Condividi
Cultura
ruralpina
La
gestione del letame nell'economia agropastorale montana
(Bàt fò,
spand e röga ol rüt)
di
Antonio Carminati
(20.03.19) Lo
spargimento del letame nei prati e campi di montagna, utilizzato quale
fertilizzante, è forse una delle attività maggiormente faticose, ma
anche più importanti, sul piano della conclusione di un ciclo naturale.
Almeno così era nel passato. Di norma, i bergamini (1), prima di
scendere alla Bassa con i loro armenti, dove sarebbero poi rimasti in
cascina tutto l’inverno, provvedevano già a settembre, a conclusione
dell’ultimo pascolo, alla concimazione dei prati.
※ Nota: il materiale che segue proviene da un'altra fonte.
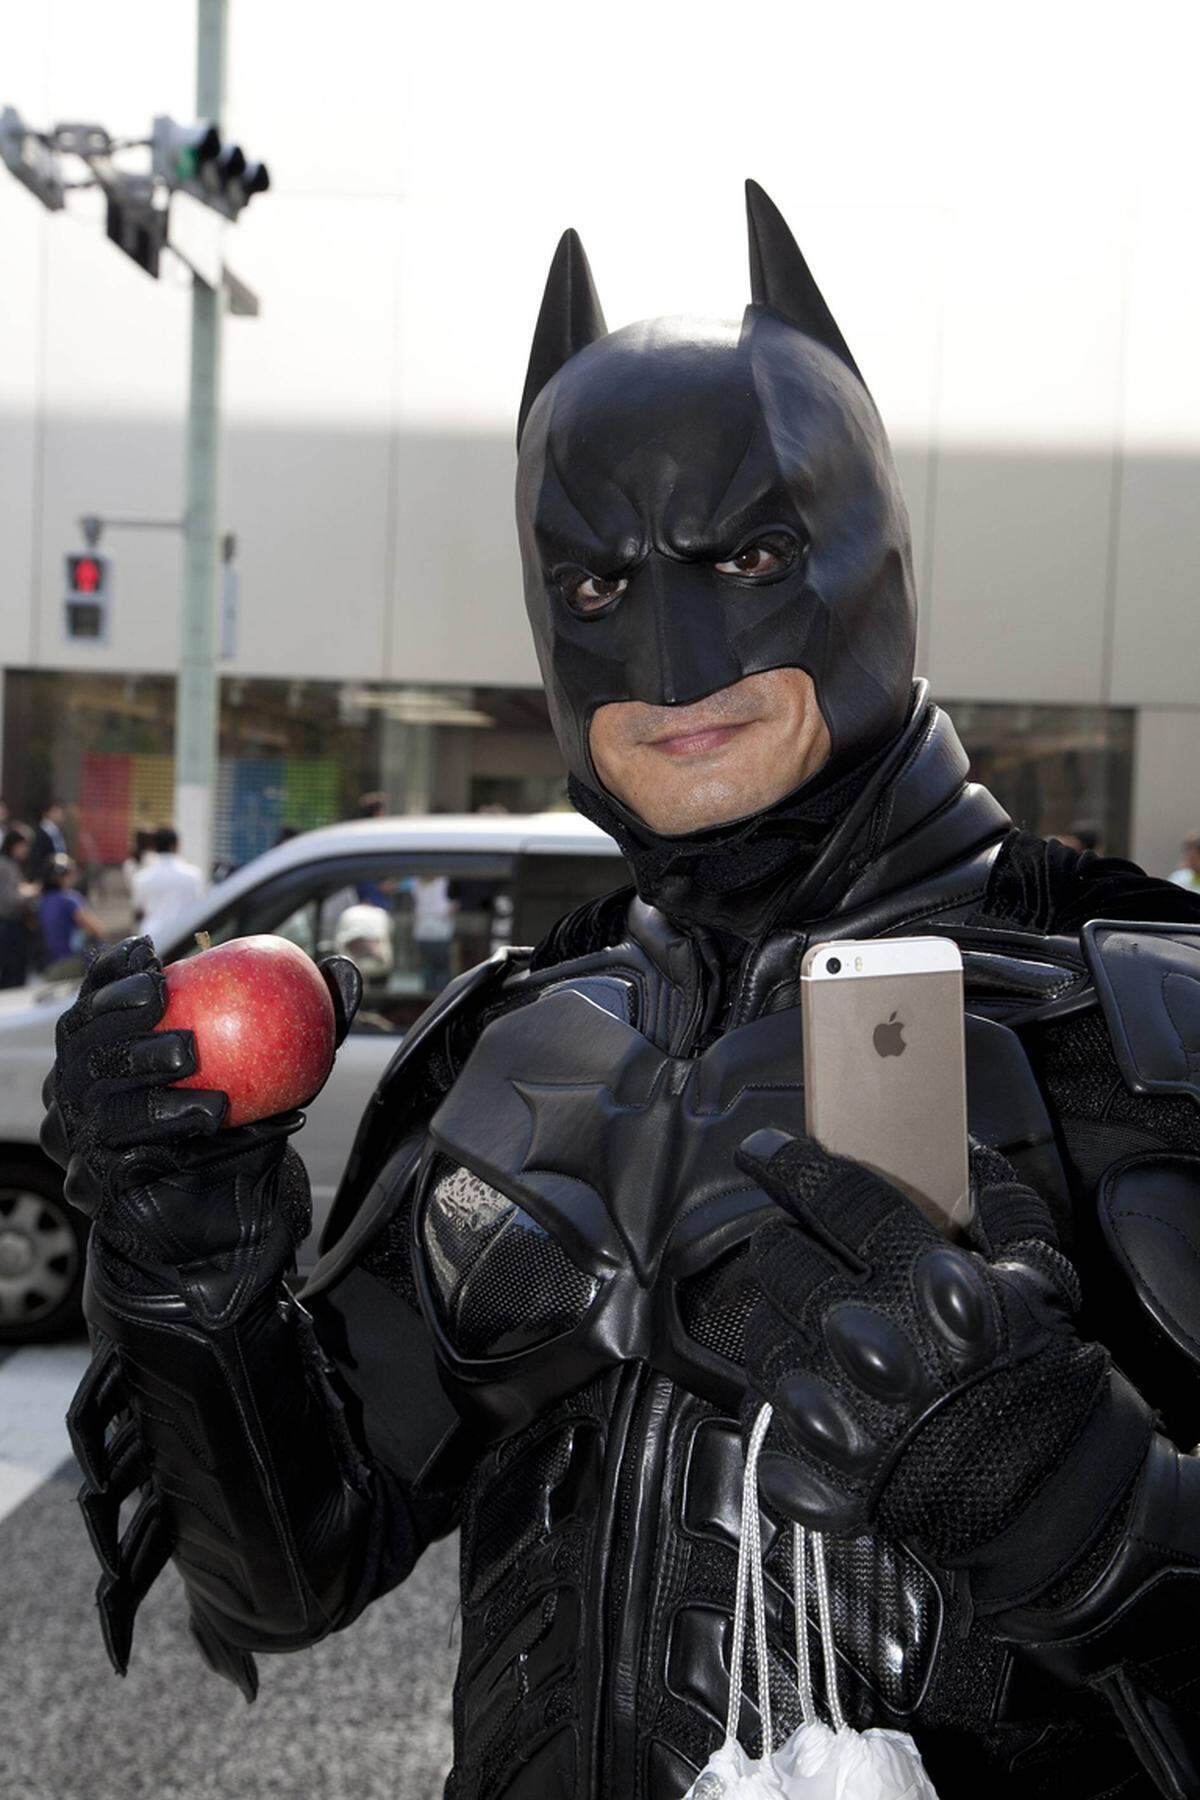 In der Warteschlange reihte sich auch Batman ein. Weiter: Mehr Eindrücke aus den Warteschlangen für iPhone 5S und 5C

Gli allevatori più importanti o impegnati
avrebbero, invece, dato l’incarico a qualche marà (2) del posto. Le mésse dol rüt (le concimaie), che
si ergono come piccoli ma robusti torrioni neri in prossimità della
stalla, venivano così demolite, a forza di vigorose forcate, col ràscc (forcone a due punte) impugnato da
entrambi le mani, per caricare ol dèrel
dol rüt (il gerlo del letame), tenuto sollevato da terra da un
rudimentale trabiccolo di legno, a guisa de ü caalèt (cavalletto), simile a un
treppiedi, che ne favoriva il carico e il sollevamento a mezzo di due
robusti spallacci. Occorreva anche far spazio alla costante produzione
di concime organico, ottenuto dalle continue spassàde, due volte al
giorno.
I contadini di monte restituivano così alla terra ciò che dalla terra
avevano ricevuto: fogliame di faggio o di castagno, ottenuto dalla
pulizia di boschi e pascoli, intriso delle deiezioni dei quadrupedi,
divenuto letame, dopo alcuni mesi di deposito nella méssa. Chèl fàcc (quello maturo),
trasformatosi ormai in terriccio, l’ìa
chèl piö bù! (era il migliore) Lo chiamavano anche “gràssa”, per indicare la sua
funzione fertilizzante.
Sulle nostre montagne, sino poco più di due decenni
addietro, è sopravvissuto un circolo chiuso e virtuoso, dove i prodotti
ottenuti dalla coltivazione della terra e dall’allevamento del bestiame
venivano usati per concimare campi e prati, che a loro volta
producevano foraggio e mais. Attualmente la situazione è un po’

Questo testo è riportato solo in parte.